Notice

2011/4

 

Takeovers Code (Durante Holdings Pty Limited ) Exemption Notice 2011

Pursuant to section 45 of the Takeovers Act 1993, the Takeovers Panel gives the following notice (to which is appended a statement of reasons of the Takeovers Panel).

Contents

  1. Title
  2. Application
  3. Expiry
  4. Interpretation
  5. Exemption from rule 27 of Code
  6. Condition of exemptions in clauses 5

Notice

1
Title
This notice is the Takeovers Code (Durante Holdings Pty Limited) Exemption Notice 2011.
2
Application
This notice applies to acts or omissions occurring on or after 28 January 2011.
3
Expiry
This notice expires on the close of 8 February 2011
4
Interpretation
(1)

In this notice, unless the context otherwise requires,-

Act means the Takeovers Act 1993

Code means the Takeovers Code under the Act

Durante means Durante Holdings Pty Limited, a company incorporated in Australia

offer means Durante's partial offer on 14 January 2011 for 5% of the ordinary voting shares in Michael Hill International Limited that it does not already hold

variation means the variation of the offer made by Durante on 28 January 2011.

(2)
Any term or expression that is defined in the Act or the Code and used, but not defined, in this notice has the same meaning as in the Act or the Code.
5

Exemption from rule 27 of Code
Durante is exempted from rule 27 of the Code in respect of the variation.

6

Conditions of exemption in clause 5
The exemption in clause 5 is subject to the condition that the variation does 1 or more of the following:

(a)
increases an existing component or components of the consideration under the offer:
(b)
adds a cash component to the consideration under the offer:
(c)
adds to the offer a cash alternative (if the directors of Michael Hill International Limited have given their prior written approval):
(d)
extends the offer period in accordance with rule 24A or 24B of the Code:
(e)
if the offer period is extended, varies the date that must be specified under rule 25(2) of the Code.

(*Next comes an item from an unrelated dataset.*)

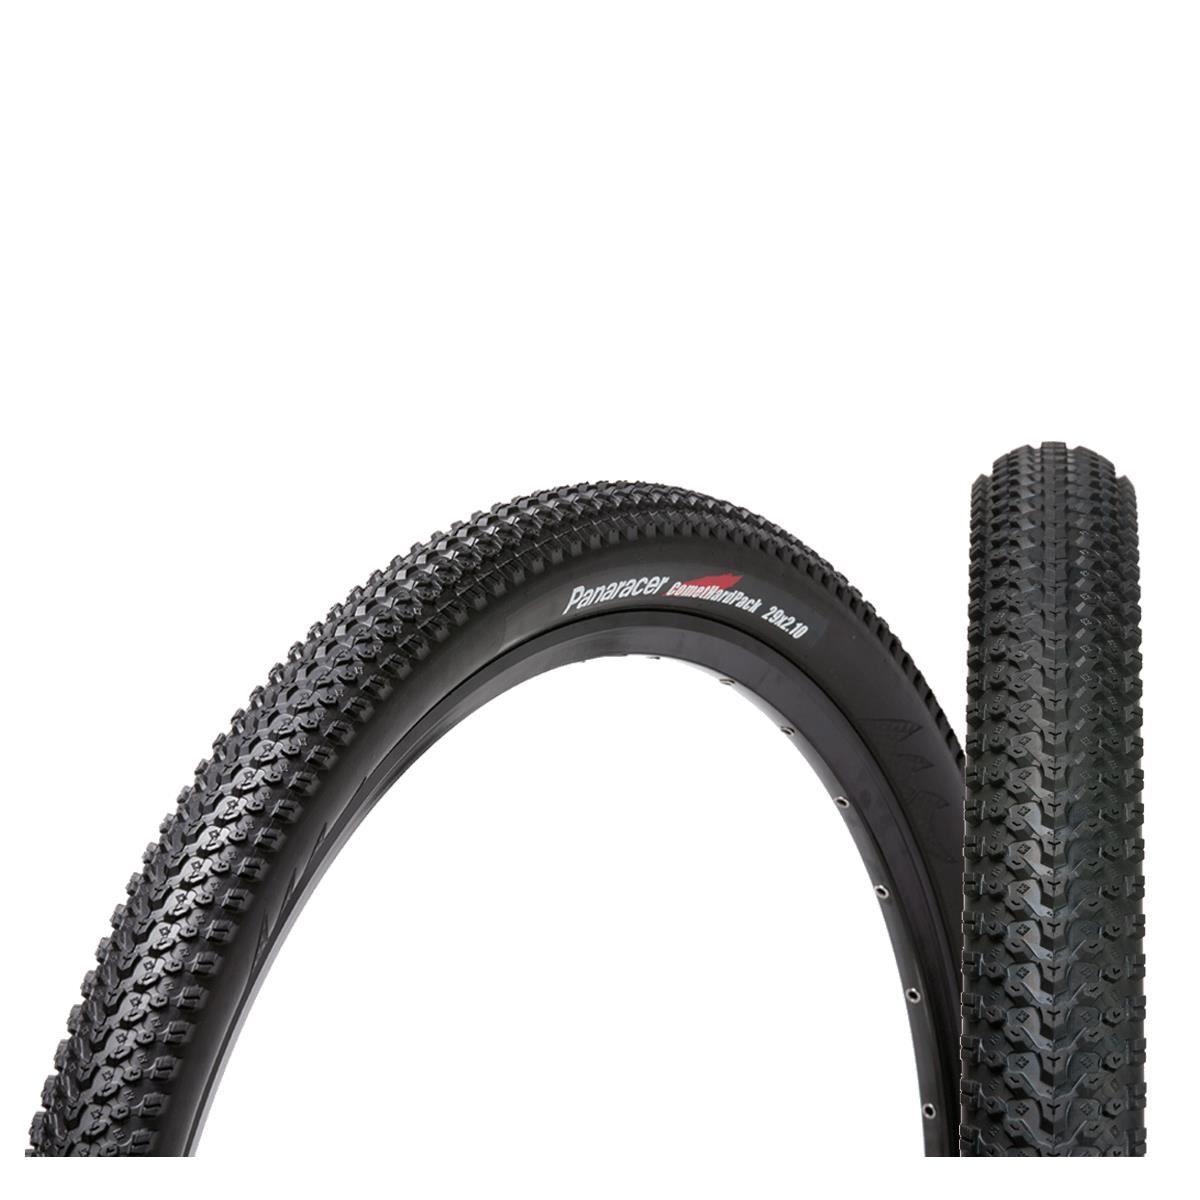 Panaracer Comet Hard Pack Folding Tyre: Black 29X2.1

Dated at Auckland this 4th day of February 2011.

The Common Seal of the Takeovers Panel was affixed in the presence of:

David Jones
Chairperson


Statement of reasons

The notice applies to acts or omissions occurring on or after 28 January 2011 and expires on 8 February 2011.

Durante Holdings Pty Limited (Durante) has made a partial offer for 5% of the ordinary voting shares in Michael Hill International Limited (Michael Hill) that it does not already hold. Durante's offer was conditional upon Durante receiving acceptances by the closing date of the offer on 12 February 2011 for that number of Michael Hill shares that would give Durante ownership of 50.01% of the voting rights in Michael Hill (the minimum acceptance condition). The offer specified that it became unconditional on 11 February 2011 (the unconditional date).

After Durante had made the offer, it became apparent that the unconditional date and the minimum acceptance condition were inconsistent because the minimum acceptance condition was expressed to be effective until the closing date of the offer, which was 1 day later than the unconditional date.

On 28 January 2011, Durante extended the closing date of the offer to 28 February 2011. To align the unconditional date and the minimum acceptance condition, the unconditional date was also extended to 28 February. In the absence of an exemption, Durante could not extend the unconditional date to 28 February due to the proviso in rule 27(e) of the Takeovers Code (the Code), which prevents an offeror from extending the unconditional date by more than the period of time by which the offer period is extended.

The Takeovers Panel has granted a retrospective exemption for Durante from rule 27 of the Code in order to allow Durante to vary the offer in order to align the closing date of the offer and the unconditional date. The exemption is subject to the condition that Durante's variation of the offer is to do 1 or more of 5 specified actions.

The Takeovers Panel considers that it is appropriate and consistent with the objectives of the Code to grant the exemption because-

  • the technical error contained in the offer document was inadvertent and the mistake was only discovered after the offer had been made; and
  • no shareholder or other person will be adversely affected or disadvantaged by the exemption; and
  • the exemption maintains a proper relationship between the costs of complying with the Code and the benefits arising from compliance.

Issued under the authority of the Acts and Regulations Publication Act 1989.
Date of notification in Gazette:
This notice is administered by the Takeovers Panel.